Forcé la voz para dar aire de seguridad a un ¡Buenas noches! que fue contestado por una especie de múltiple rugido entre dientes. Poco a poco, según me acercaba a la barra, todo fue tornando a la bulliciosa normalidad preexistente. La barra era exageradamente alta, como si de forma deliberada se buscara que nadie de estatura normal pudiera apoyarse sobre ella. Me pareció que alguien gritaba: ¡Maruxa!. Al poco apareció una mujer vestida de negro con un delantal y un pañuelo gris a cuadros sobre la cabeza. No soy capaz de calcular qué edad tendría, desde luego no era joven, pero está claro que no era tan vieja como parecía. Se me quedó mirando y dijo algo que no entendí. Le pedí si tenía algo para cenar. Está claro que la mujer me entendió porque me llevó a la trastienda donde me hizo acomodar en una mesa. A partir de ahí mi situación comenzó a mejorar de forma acelerada. La mujer me trajo pan y vino. Le entendí que su hijo había cogido por la tarde unos pescados que, al poco, me trajo fritos. La mujer no hablaba el español y eso le producía una sensación de vergüenza que yo entendí inmediatamente. Por eso, cada vez que ella hablaba, yo movía la cabeza afirmativamente como si la hubiese entendido, aunque sospecho que su sagacidad le hizo comprender enseguida que nuestra comunicación era muy pobre.
La cena se completó con unos huevos fritos con patatas como no los había comido en mi vida.
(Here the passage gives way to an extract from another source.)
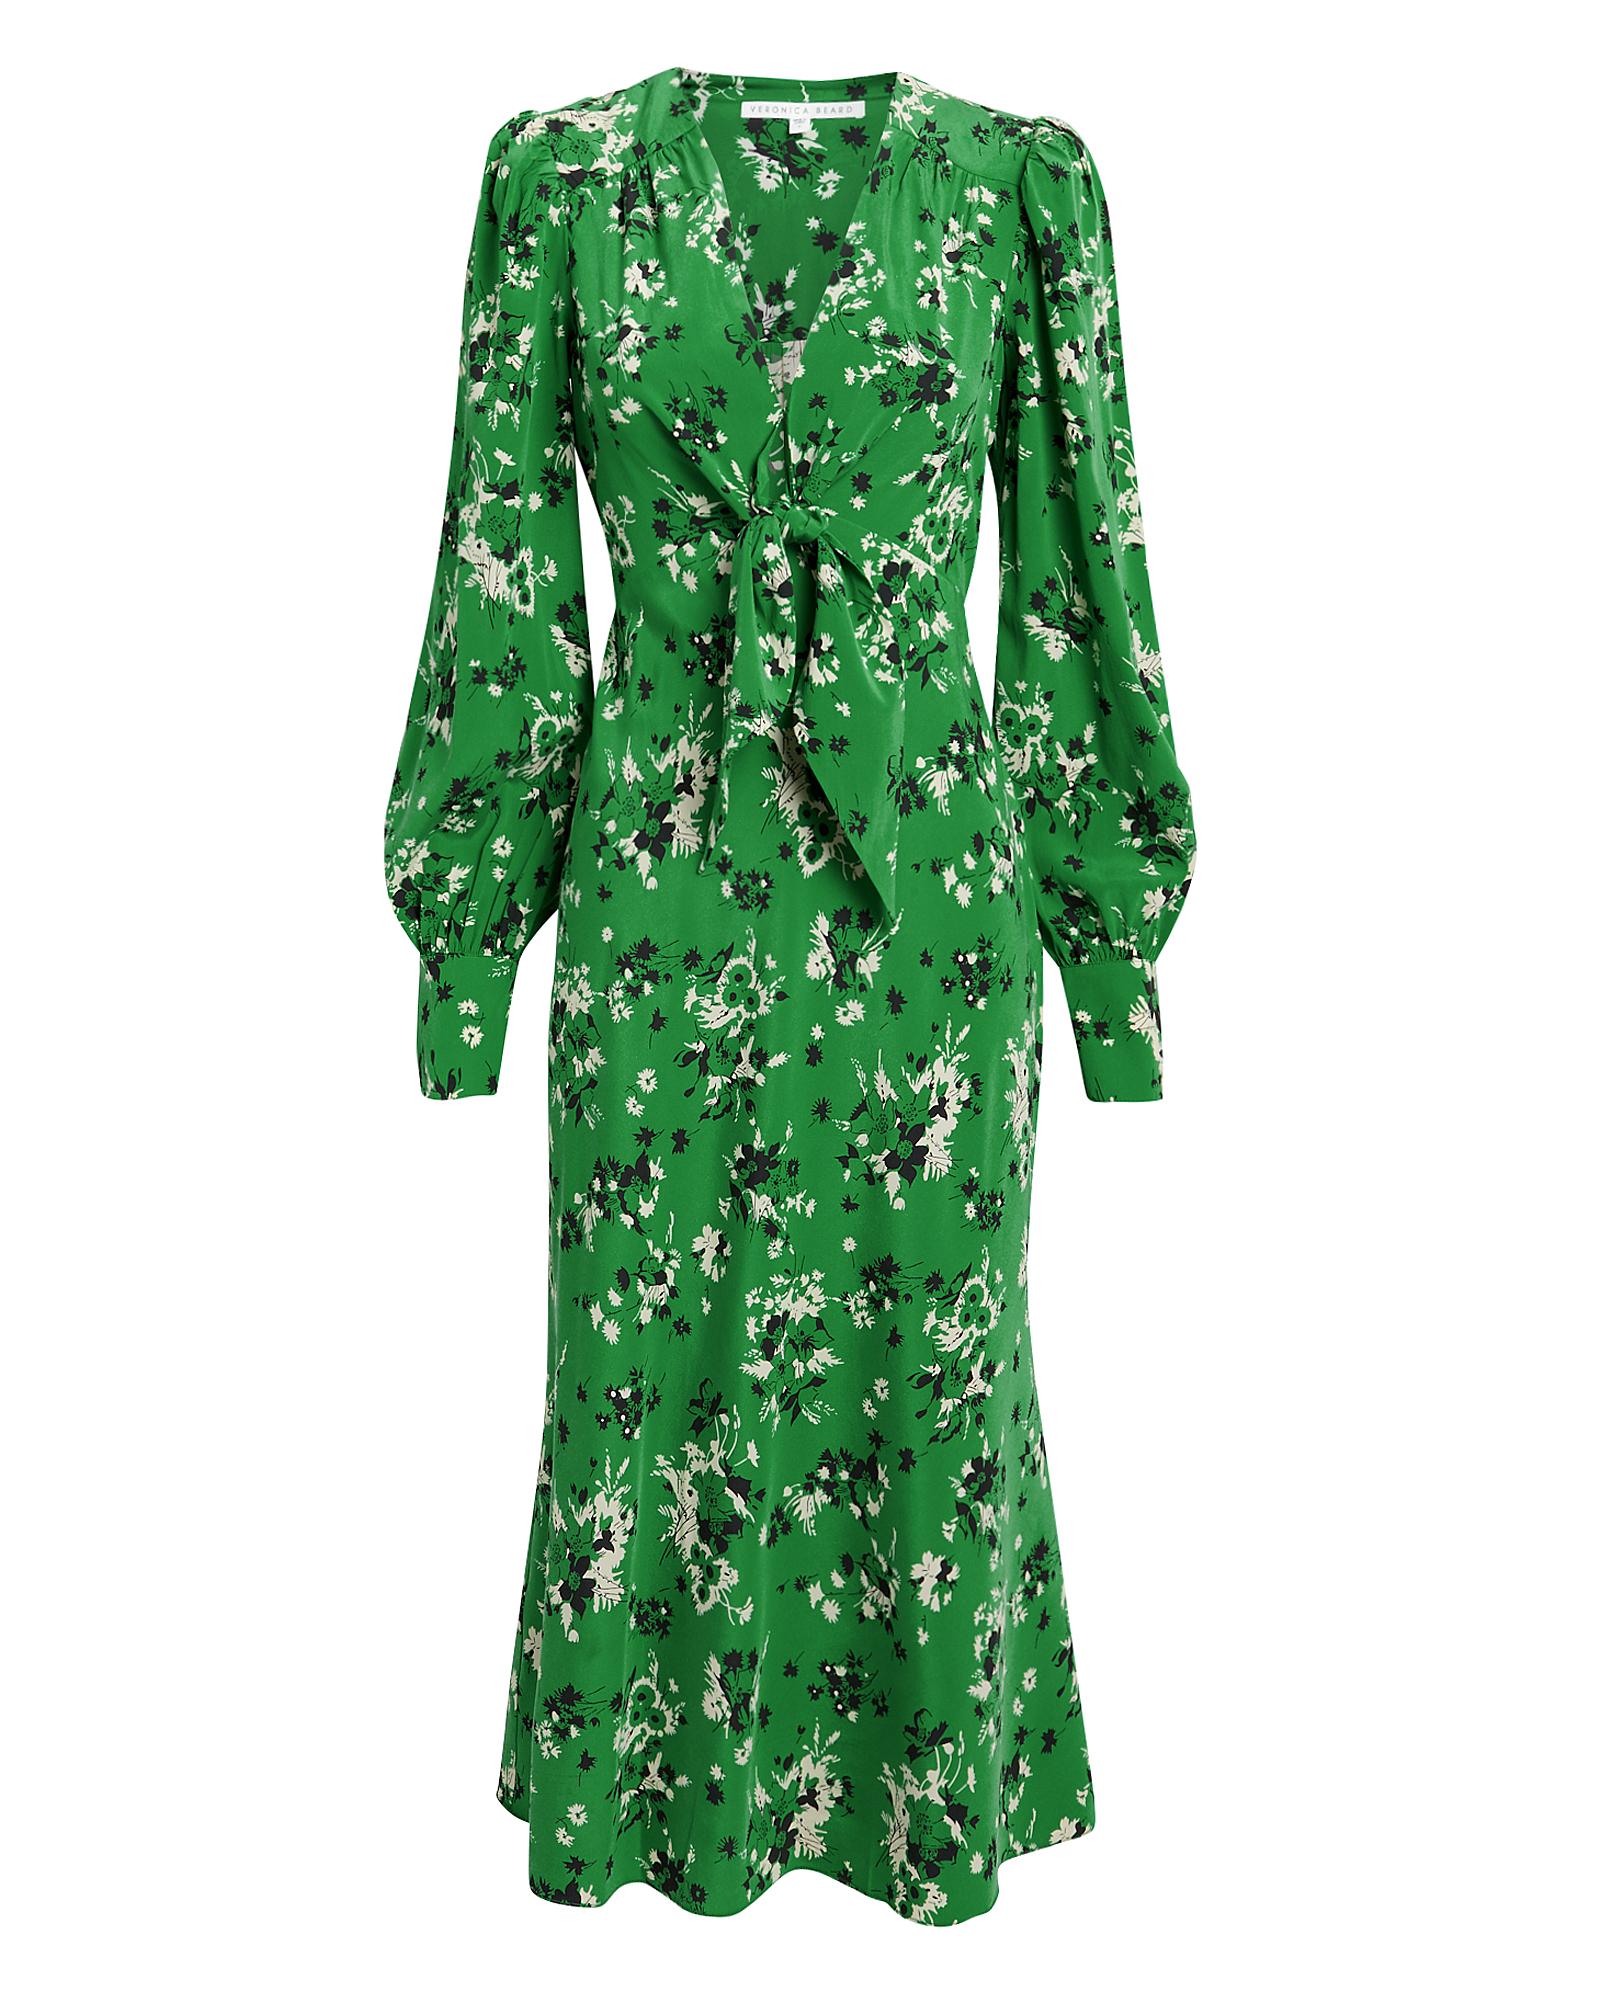 Veronica Beard Dresses VERONICA BEARD AMBER FLORAL MIDI DRESS  GREEN/FLORAL 8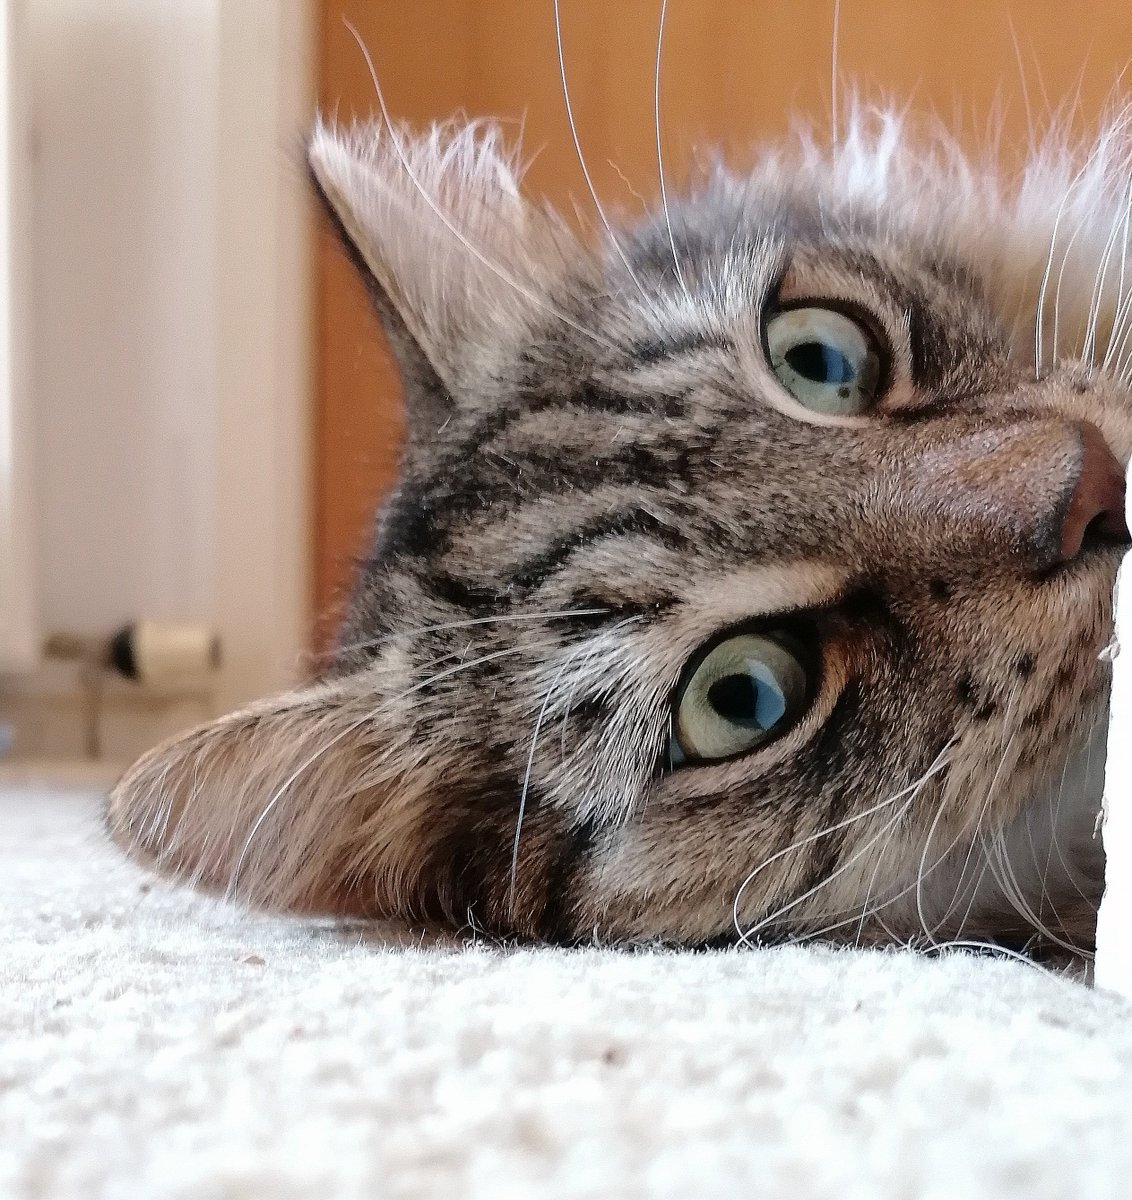 Tufts of fluff ⛲ #fluffyfursday #catsoftwitter https://t.co/49MO3Zm5Tf

Auténticos, de corral. Estoy seguro que las gallinas de aquella señora tenían su propio nombre y, casi me atrevería a decir, que eran felices.
Todo lo que cuento en esta historia, lo tengo vívidamente grabado en mi memoria. Pero lo que no olvidaré nunca es la percepción de que aquella bondadosa mujer estaba realmente avergonzada de no saber hablar el español. Tan no lo hablaba, que puedo asegurar que hacía verdaderos esfuerzos por que le entendiera en una mezcla de gallego y español que, a buen seguro, no era lo que hablaba con sus vecinos de aldea.
Han pasado los años. Se han abierto nuevas vías de comunicación, los caminos de antaño son hoy autopistas. El teléfono, la radio, la televisión e incluso el internet, llegan hoy a todos los rincones del territorio nacional, por difícil que sea su orografía. La enseñanza es obligatoria y gratuita. Todos los niños van hoy a la escuela. En fin, se ha elevado el nivel cultural hasta cotas insospechadas.
Por el camino, algún político, que si hablaba español, sin ningún pudor, sin ninguna vergüenza, se dijo: “Es verdad que el gallego es un español mal hablado, pero es nuestro. ¡Potenciémoslo!¡Que todo ciudadano de Galicia hable gallego! Y mientras le tenemos ocupado en ello no se dedicará otra cosa.”
Y de este modo, ahora que hay cultura. Ahora que hay medios y maestros para que en cada rincón de Galicia se hable un perfecto español, con el que el natural de esa tierra puede entenderse perfectamente con cerca de 500 millones de seres humanos, ahora …
Ahora es el momento de invertir esfuerzos y dinero en hablar español mal hablado. Ahora aparecen los políticos locales, torturadores y caciques de aldea, preocupados en seguir viviendo a costa del humilde ciudadano, mientras le cortan las alas para que no pueda volar lejos, no vaya a ser que se les escape. Puff, “Dios que buen vasallo, si hubiera buen señor”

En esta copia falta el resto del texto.